## [Recorded data]
════════════════

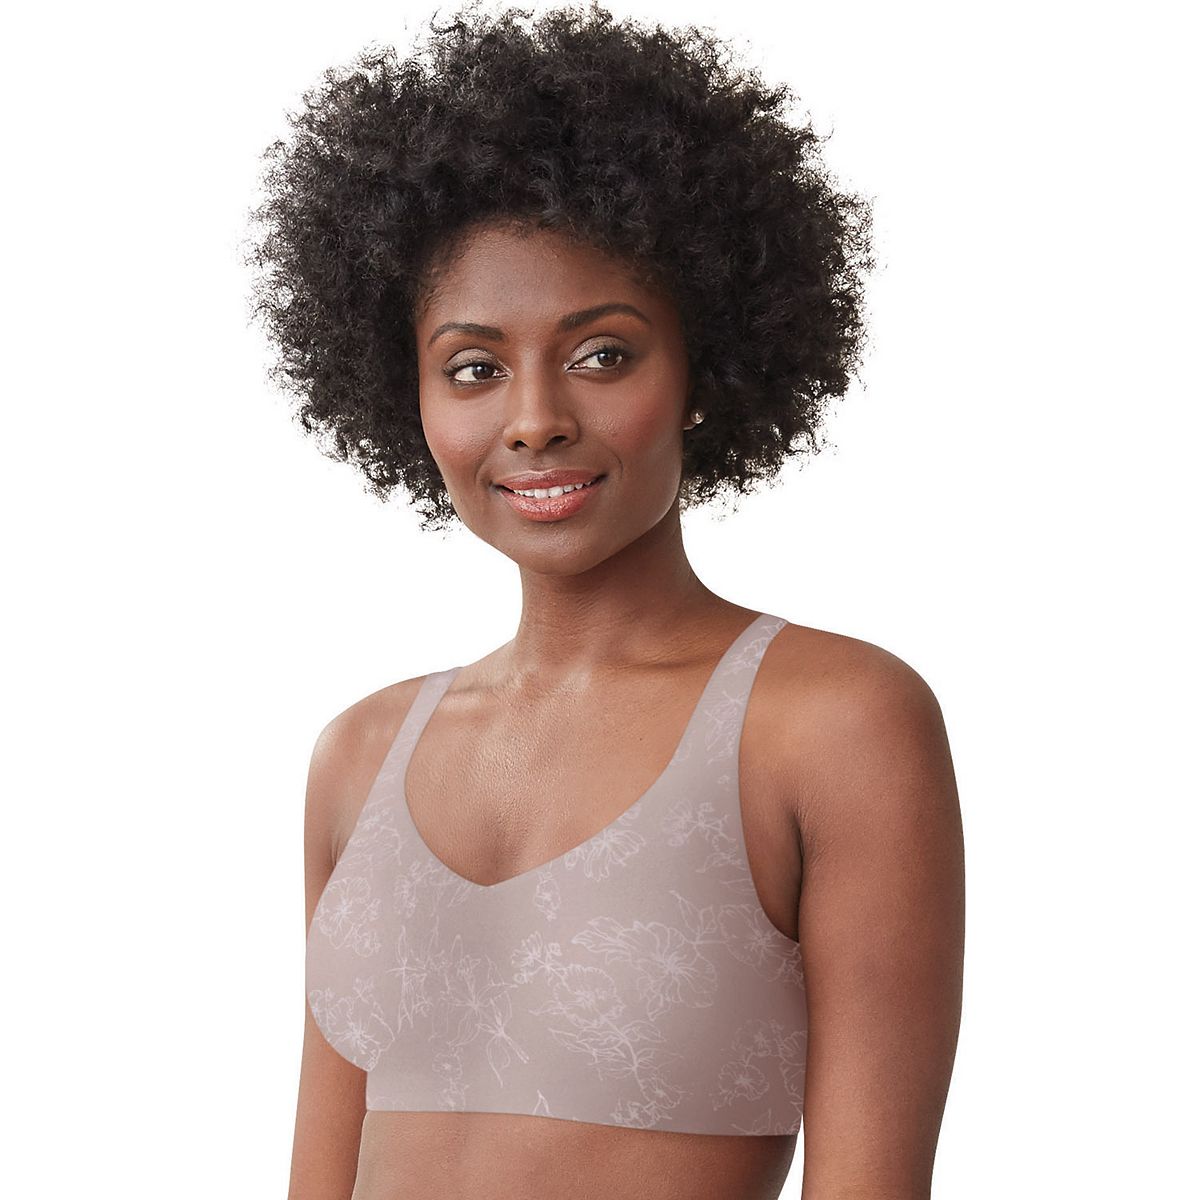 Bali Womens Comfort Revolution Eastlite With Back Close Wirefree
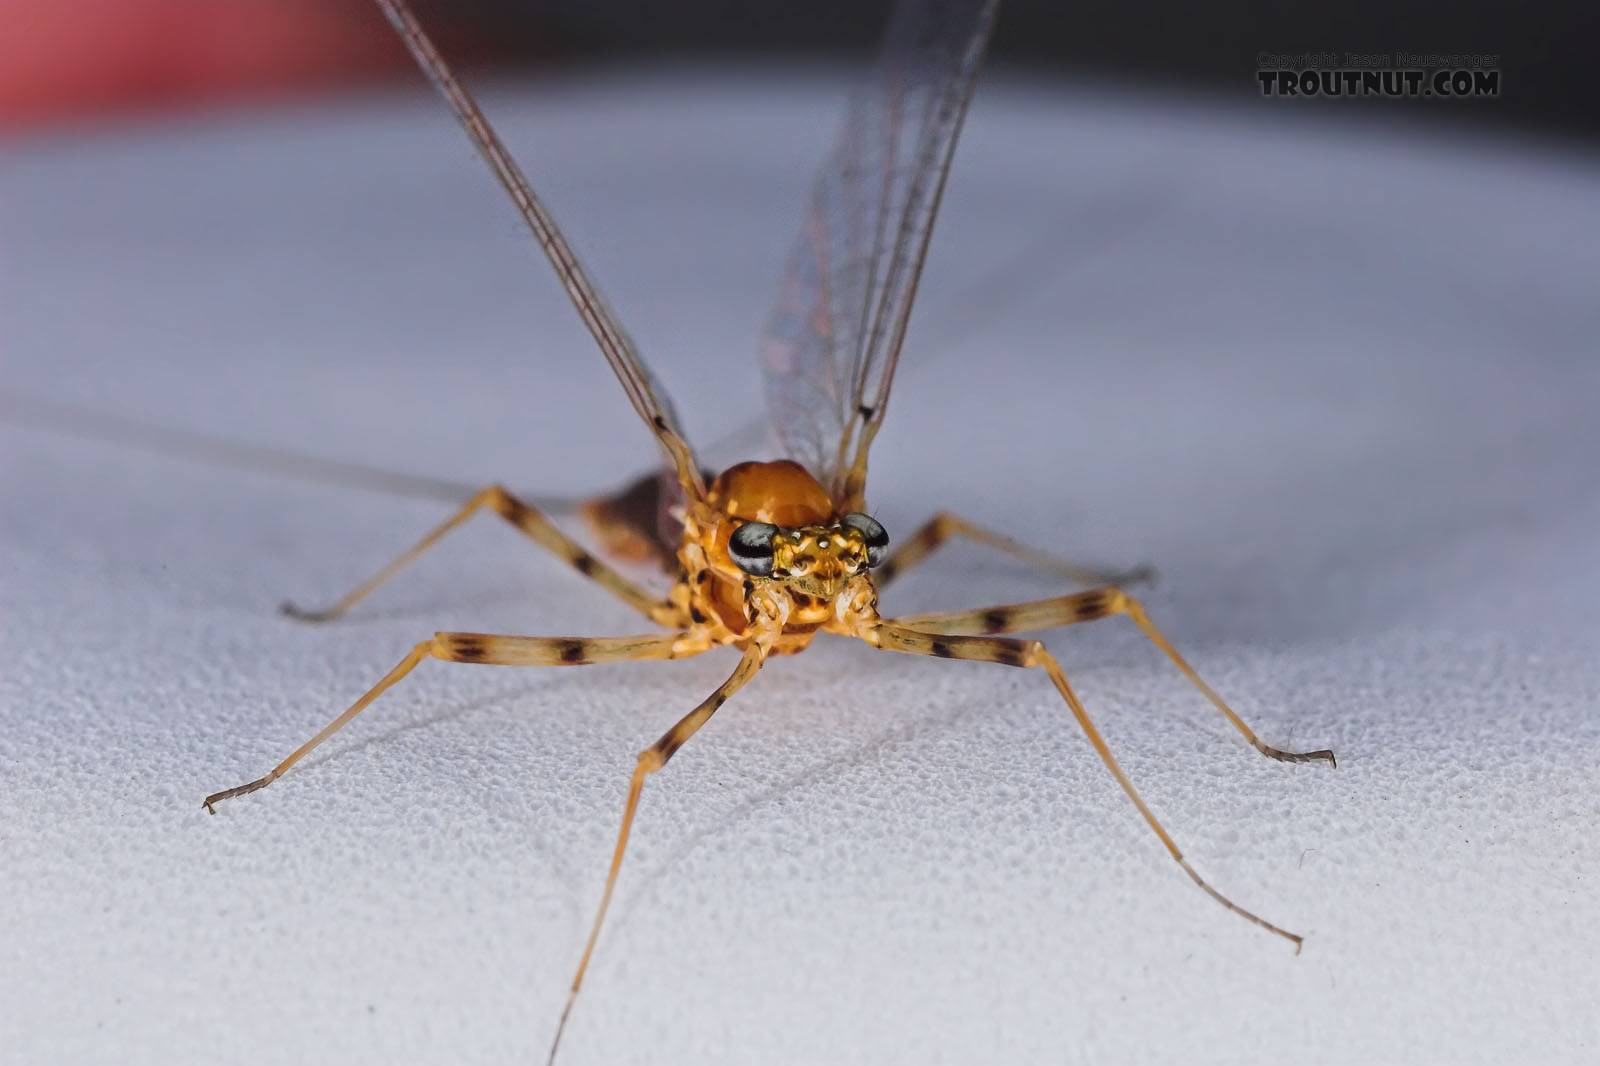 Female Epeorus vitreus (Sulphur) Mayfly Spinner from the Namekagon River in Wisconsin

════════════════

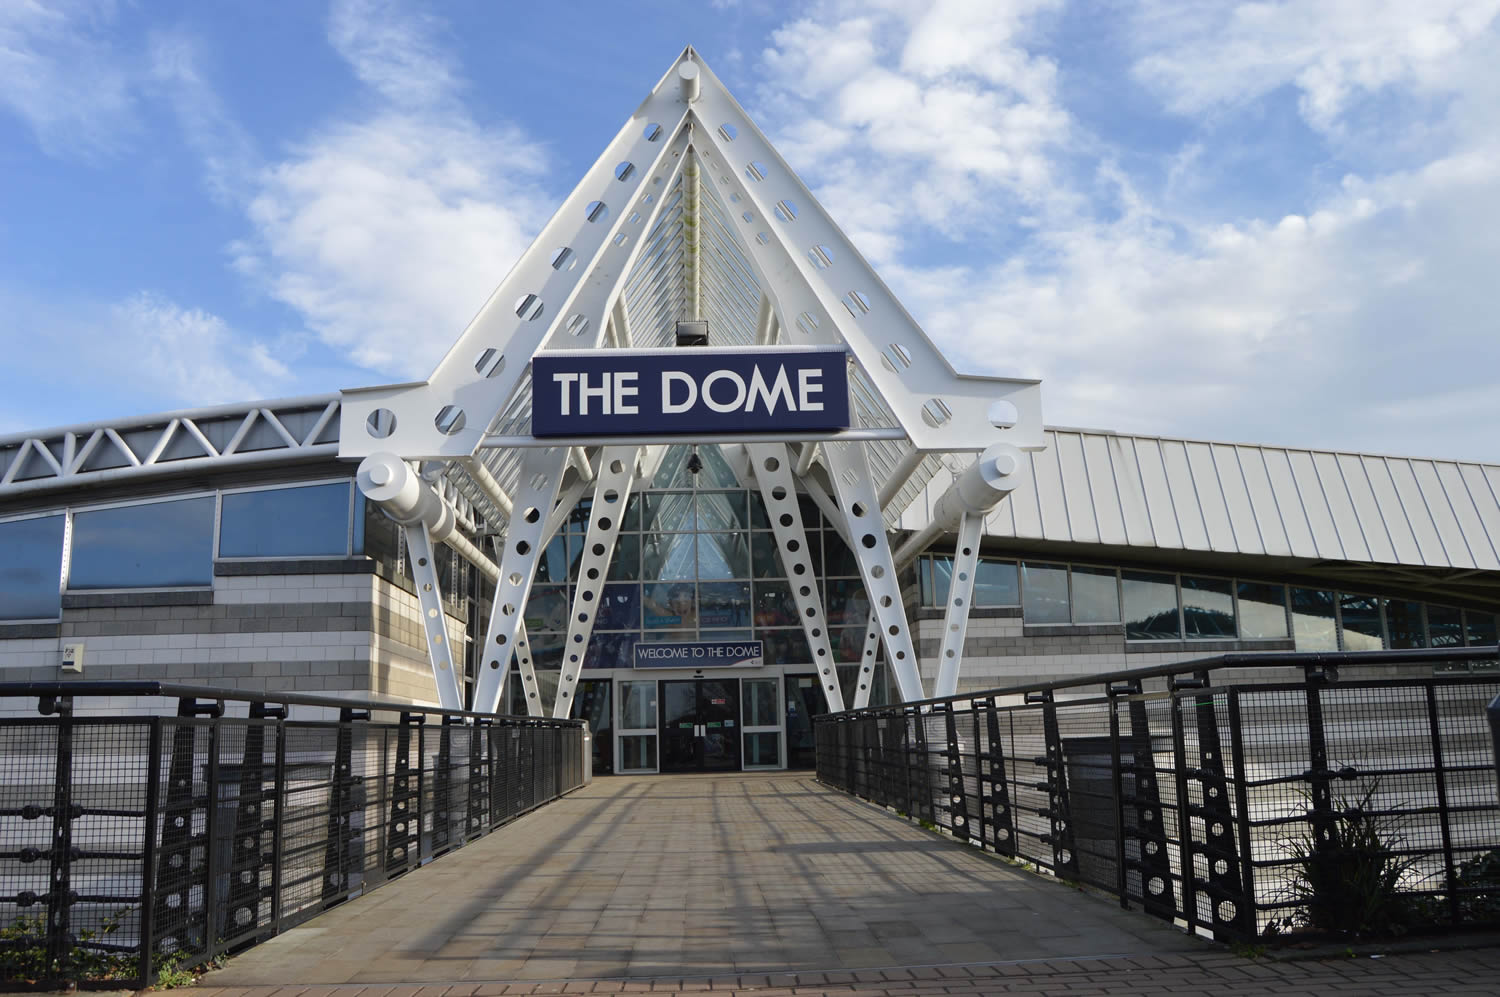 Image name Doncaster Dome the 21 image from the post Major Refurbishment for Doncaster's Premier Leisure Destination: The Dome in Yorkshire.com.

════════════════

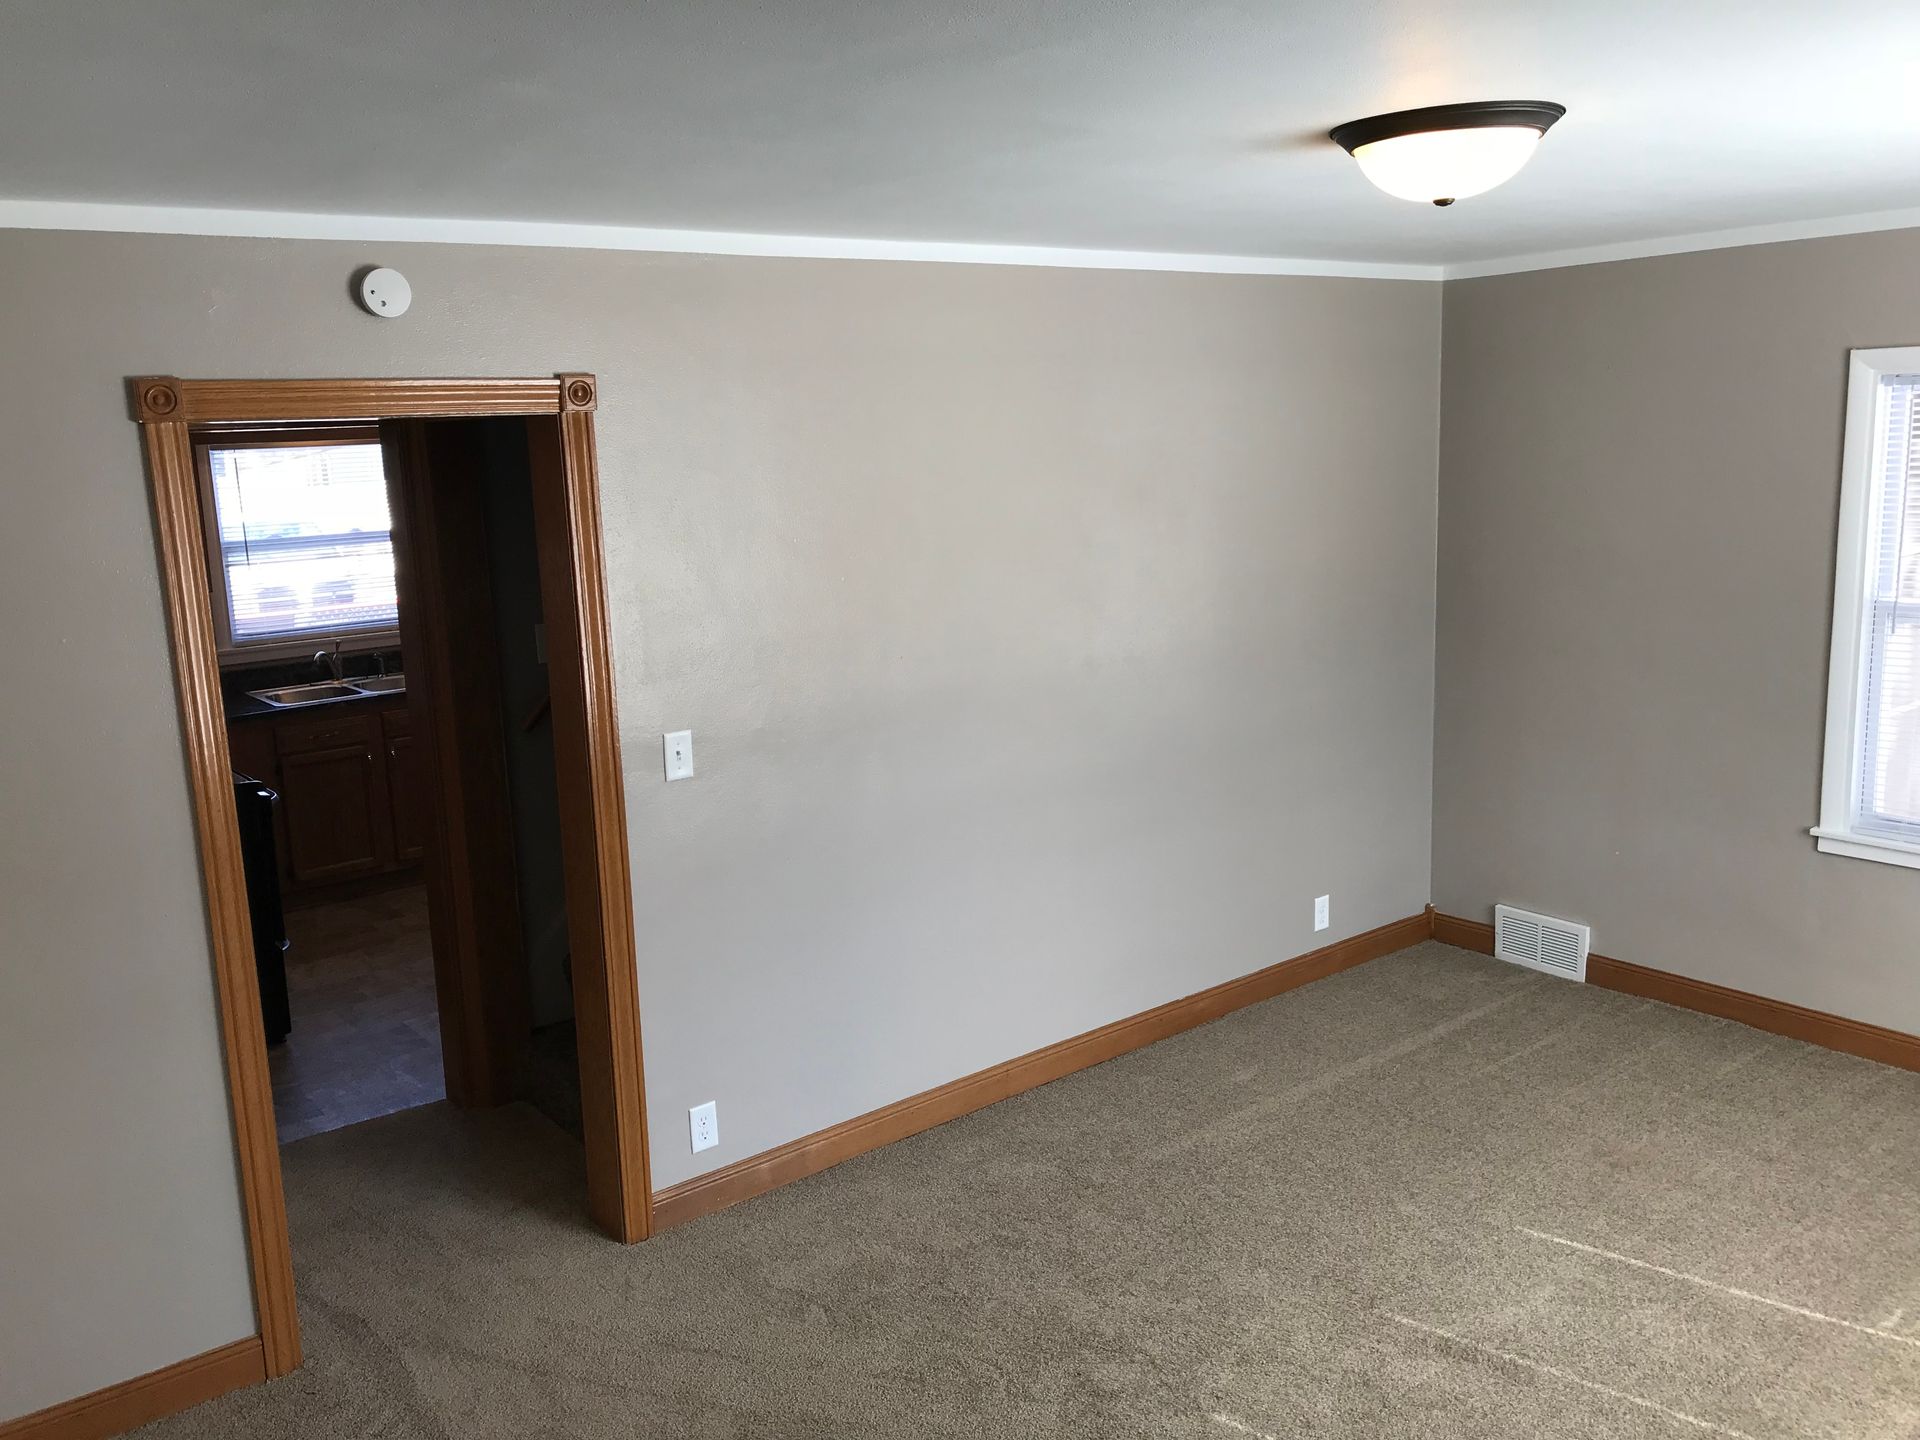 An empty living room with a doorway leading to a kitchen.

════════════════

## [Directions]
Leave out the images and write out the lines above exactly, from the one with "Bali Womens Comfort" up to and including the one with "Female Epeorus vitreus".

## [Result of the exercise]
 Bali Womens Comfort Revolution Eastlite With Back Close Wirefree
 Female Epeorus vitreus (Sulphur) Mayfly Spinner from the Namekagon River in Wisconsin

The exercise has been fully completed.